GenericFeature¶

class GenericFeature(self, dim: int)¶

Bases: BasicFeature

Class that enables to define a feature or a set of features which are not implemented in ViSP as a specific class. It is indeed possible to create its own features, to use the corresponding interaction matrix, and to compute an error between the current and the desired feature. Moreover the created features can be mixed with features already implemented.

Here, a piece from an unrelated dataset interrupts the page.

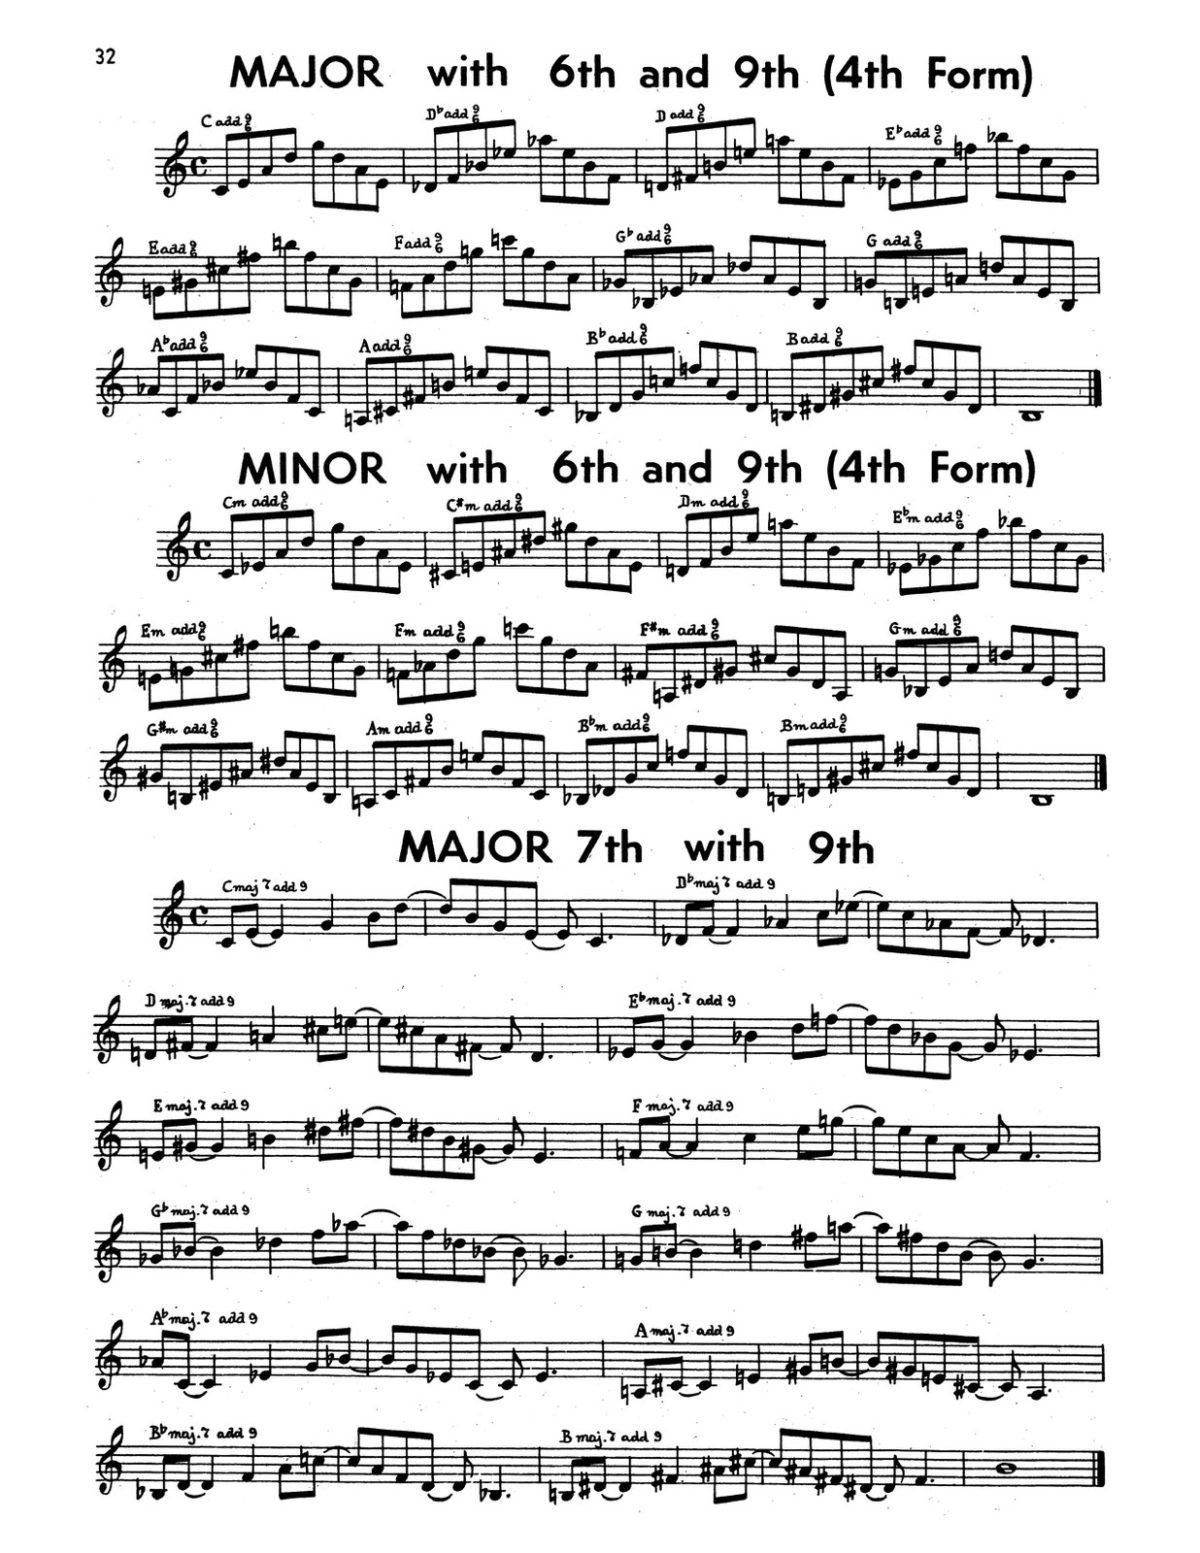 Gornston, All Chords for Trumpet-p34

The following example shows how to use the vpGenericFeature class to create and use the feature \(log(Z)\) where Z corresponds to the depth of a point whose 2D coordinates in the camera frame are \(x\) and \(y\) . The interaction matrix corresponding to this feature is

\[L = \left[\begin{array}{cccccc} 0 & 0 & -1/Z & -y & x & 0 \end{array}\right]\]

.

#include <visp3/core/vpGenericFeature.h>
#include <visp3/vs/vpServo.h>

int main()
{
  vpServo task; // Visual servoing task

  //First we have to define the desired feature log(Z*) corresponding to the desired point.
  double xd = 0; //The x coordinate of the desired point.
  double yd = 0; //The y coordinate of the desired point.
  double Zd = 1; //The depth of the desired point.
  vpGenericFeature logZd(1); //The dimension of the feature is 1.
  logZd.set_s( log(Zd) );

  //Then we have to define the current feature log(Z) corresponding to the current point.
  double x = 1; //The x coordinate of the current point.
  double y = 1; //The y coordinate of the current point.
  double Z = 2; //The depth of the current point.
  vpGenericFeature logZ(1); //The dimension of the feature is 1.
  logZ.set_s( log(Z) );

  // Set eye-in-hand control law.
  // The computed velocities will be expressed in the camera frame
  task.setServo(vpServo::EYEINHAND_CAMERA);
  // Interaction matrix is computed with the current visual features sd
  task.setInteractionMatrixType(vpServo::CURRENT);

  // Add the point feature to the task
  task.addFeature(logZ, logZd);

  // Control loop
  for ( ; ; ) {
    // The new parameters x, y and Z must be computed here.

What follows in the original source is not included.